What is being asked - An exact copy is needed of the lines from the one that contains "Giày Nike Air" through the final line of the data below, with pictures left out.
=== Recorded information ===
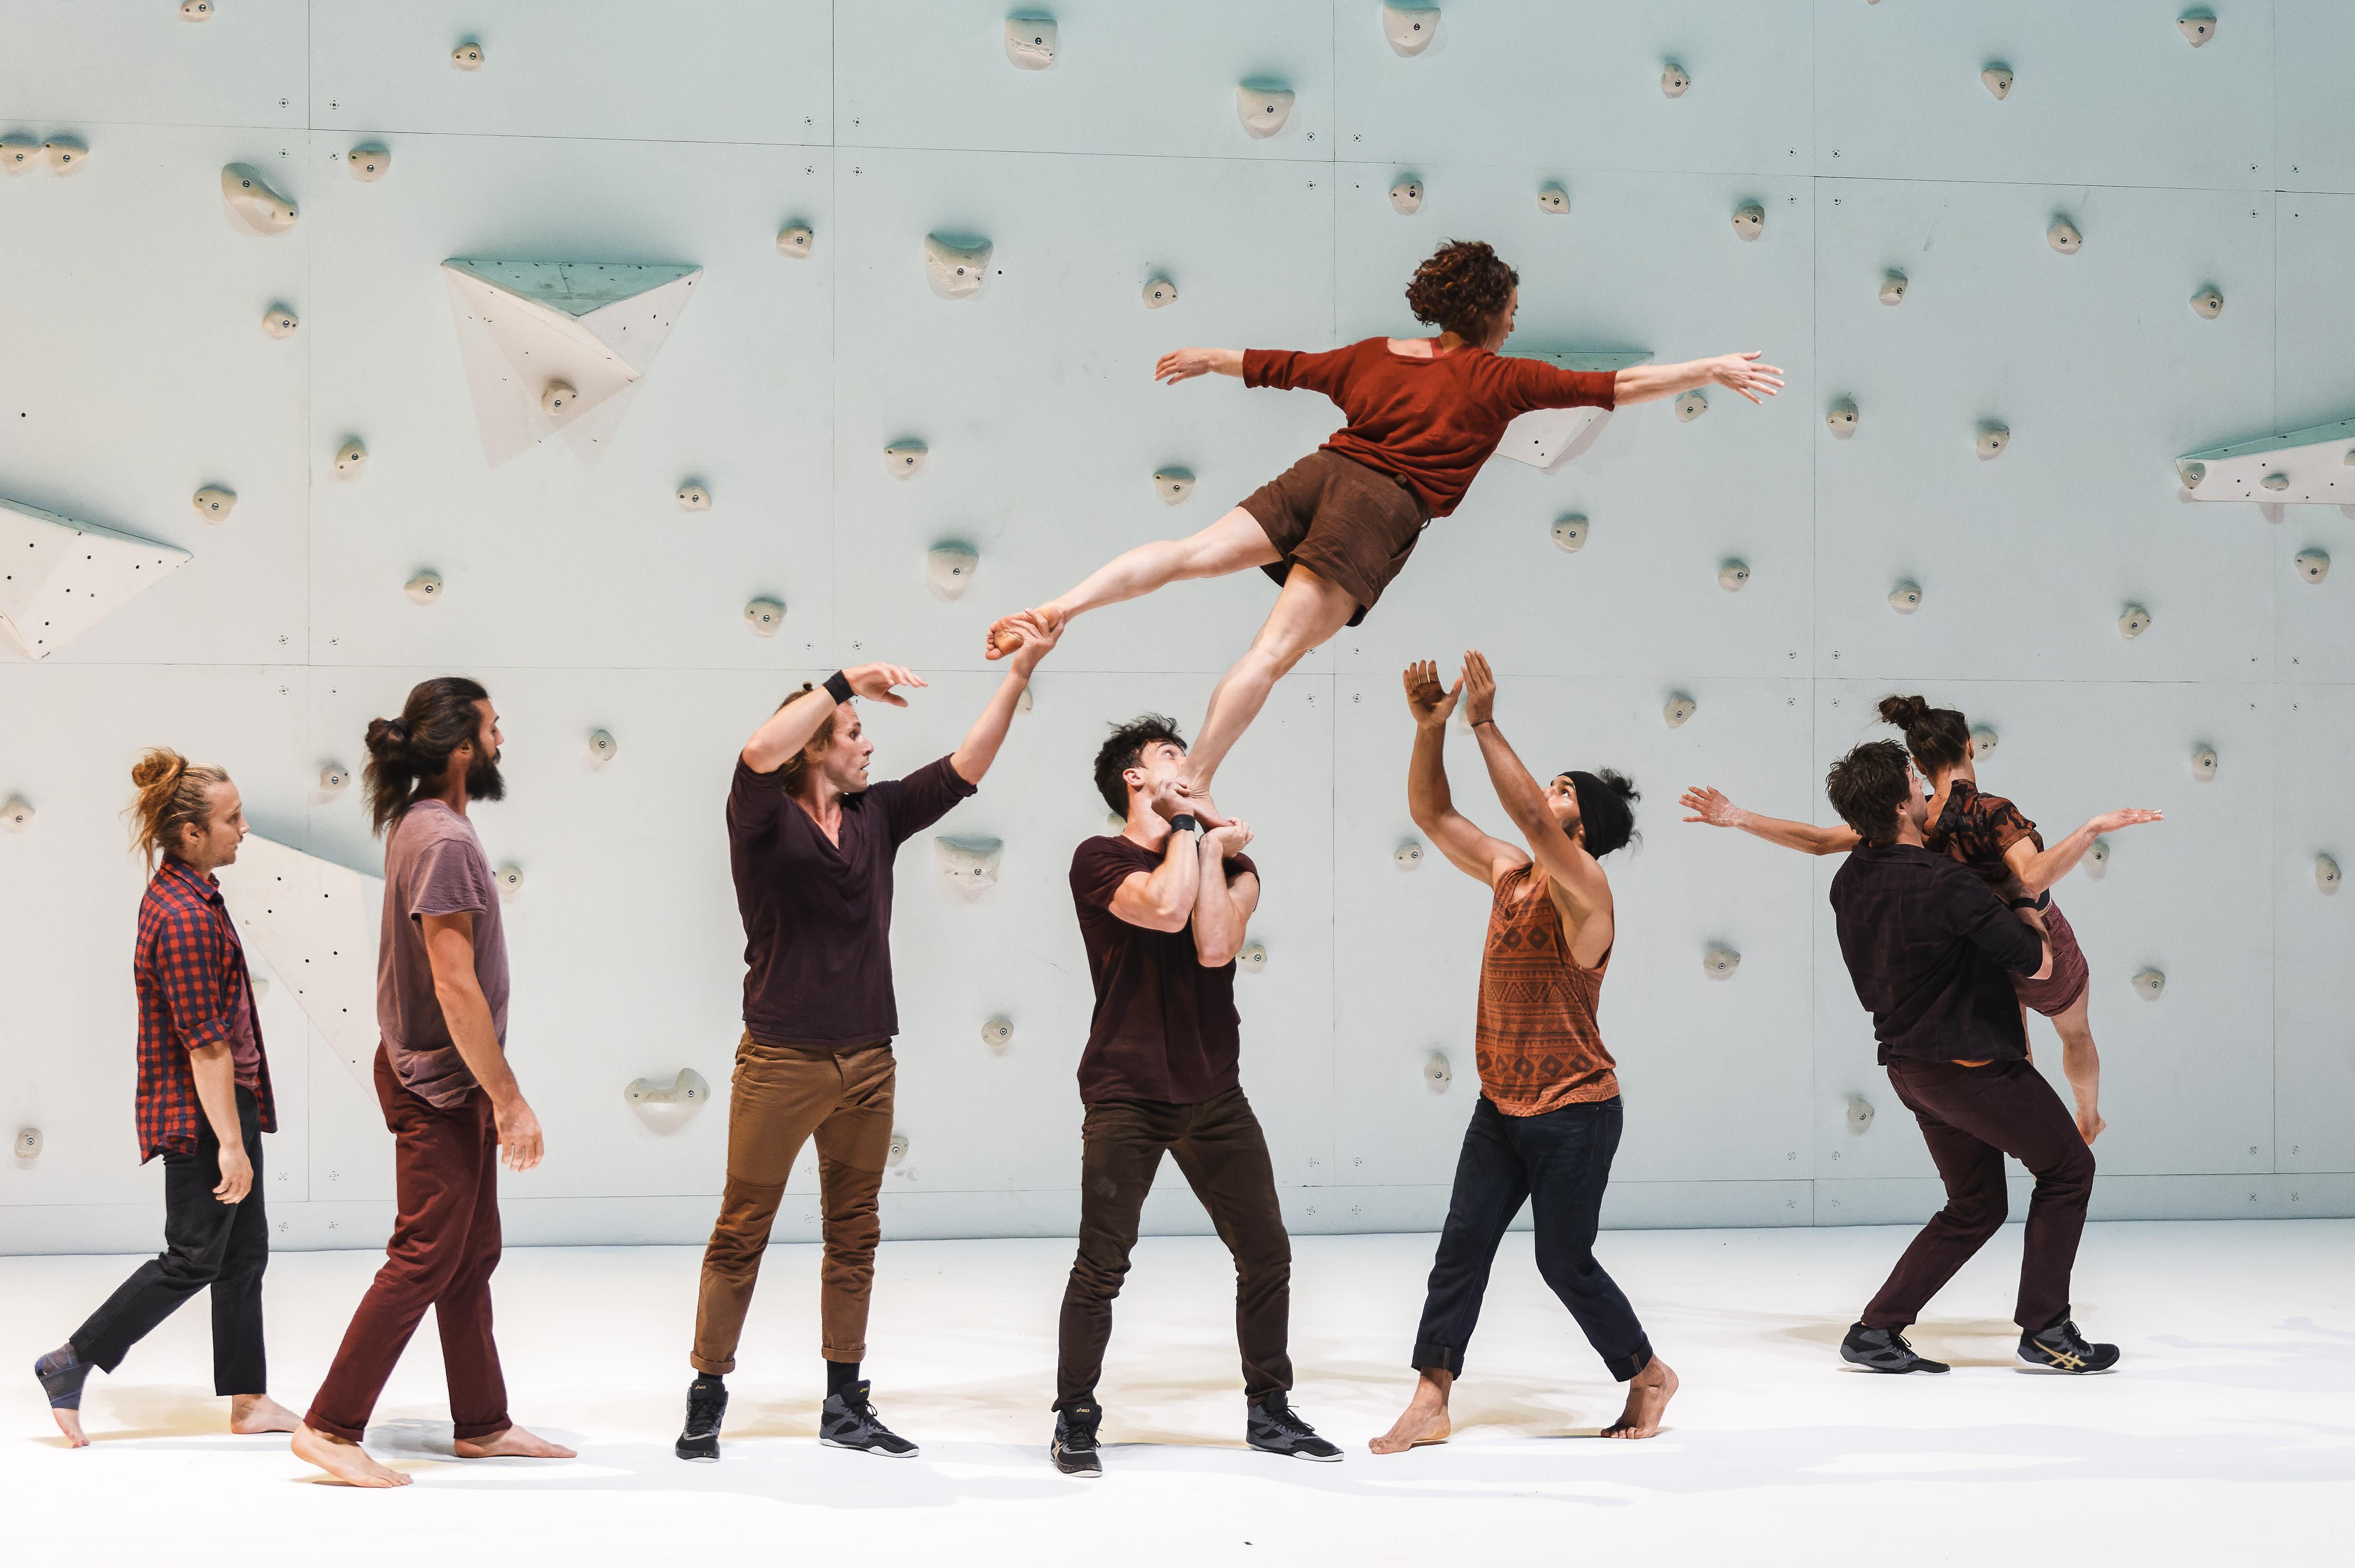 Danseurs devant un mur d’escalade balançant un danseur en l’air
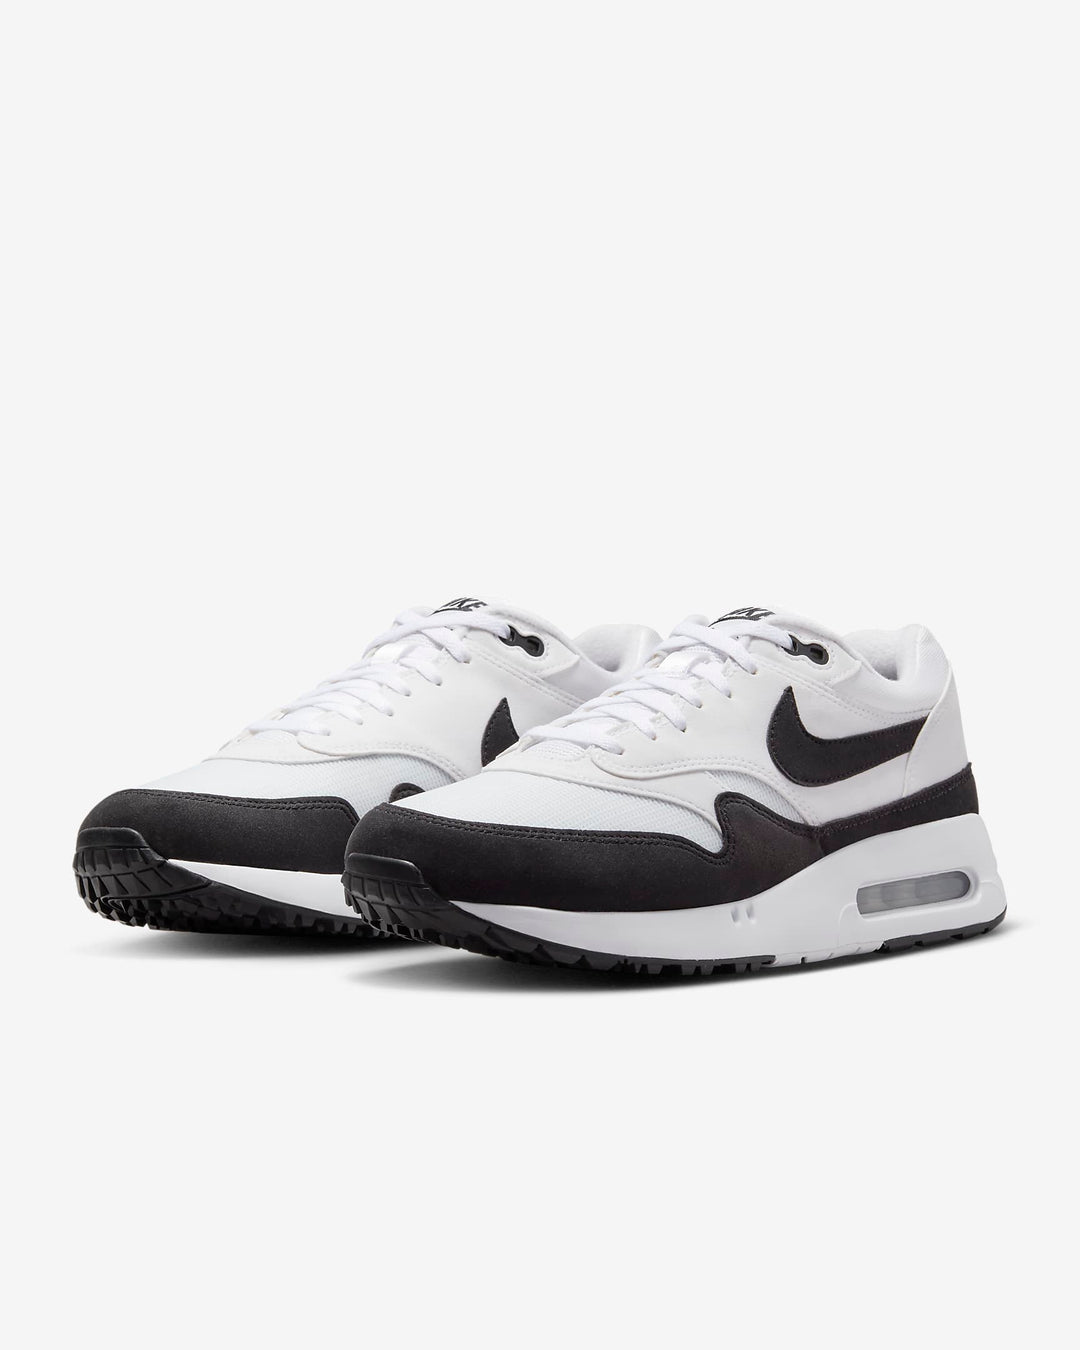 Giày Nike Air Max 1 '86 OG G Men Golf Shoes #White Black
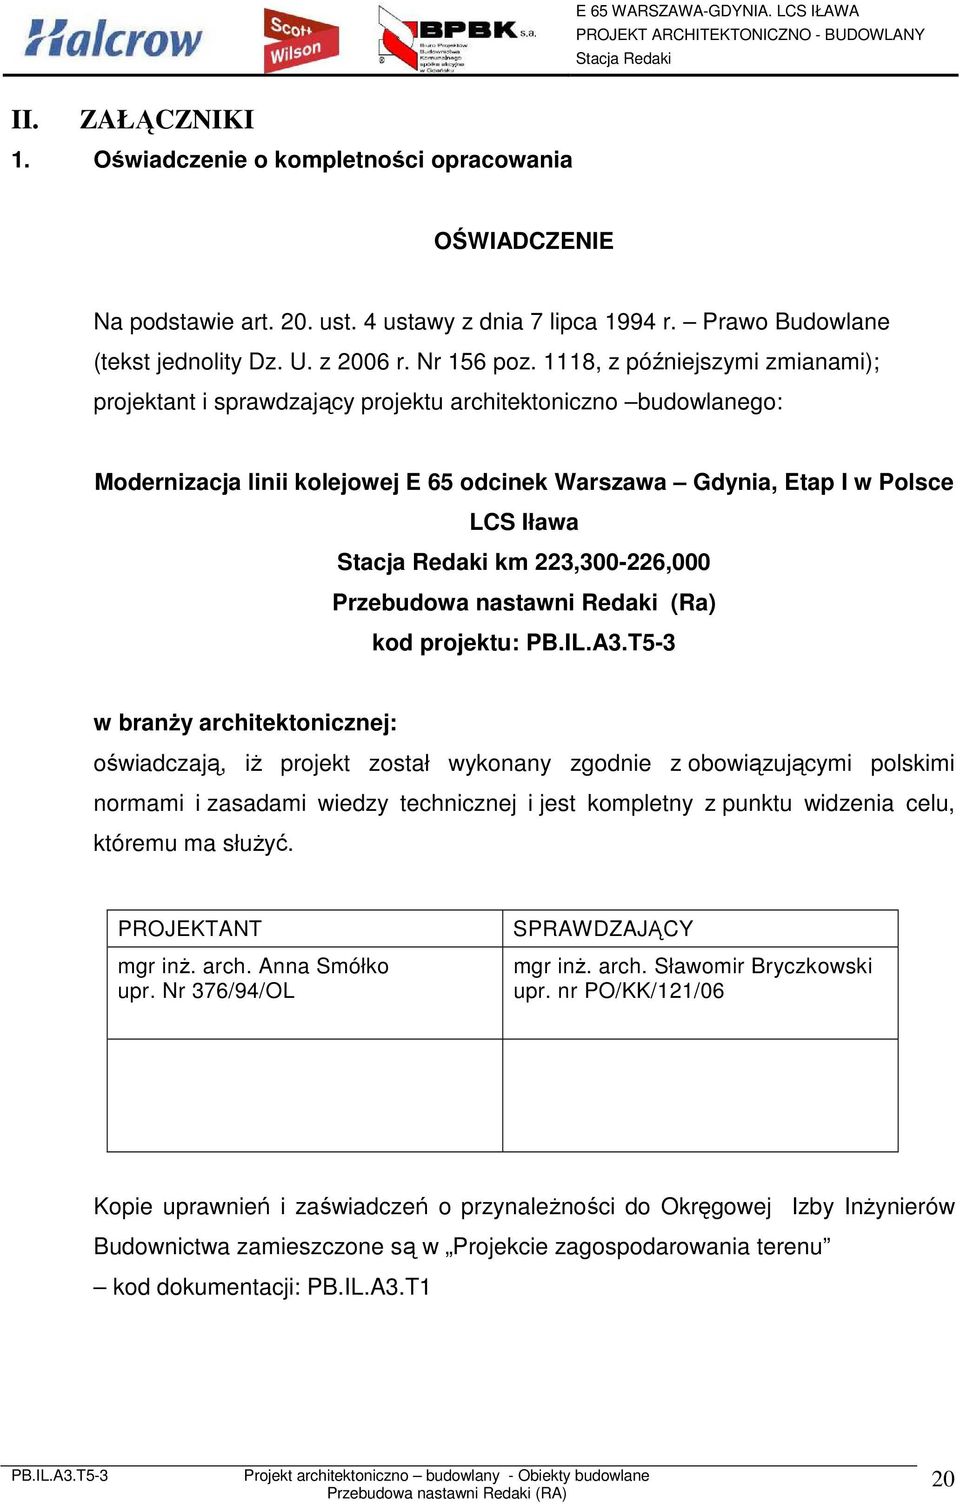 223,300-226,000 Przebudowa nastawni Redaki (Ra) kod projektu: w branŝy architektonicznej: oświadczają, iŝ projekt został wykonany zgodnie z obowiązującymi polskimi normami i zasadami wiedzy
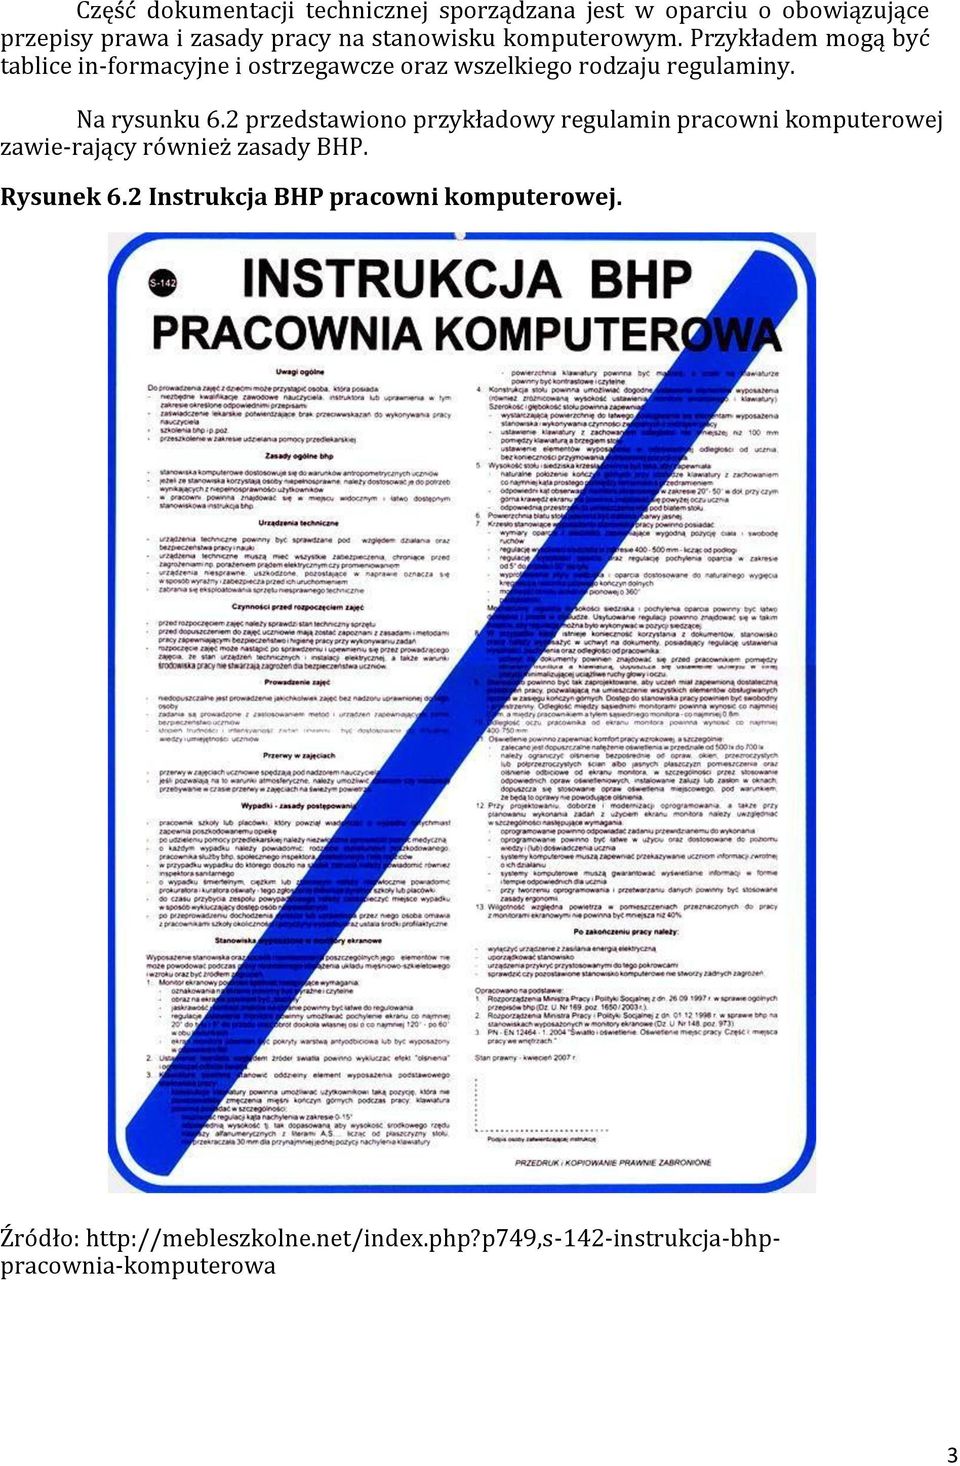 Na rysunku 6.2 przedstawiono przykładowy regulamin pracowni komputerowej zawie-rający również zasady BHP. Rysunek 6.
===
Written response -
 Giày Nike Air Max 1 '86 OG G Men Golf Shoes #White Black
 223,300-226,000 Przebudowa nastawni Redaki (Ra) kod projektu: w branŝy architektonicznej: oświadczają, iŝ projekt został wykonany zgodnie z obowiązującymi polskimi normami i zasadami wiedzy
 Na rysunku 6.2 przedstawiono przykładowy regulamin pracowni komputerowej zawie-rający również zasady BHP. Rysunek 6.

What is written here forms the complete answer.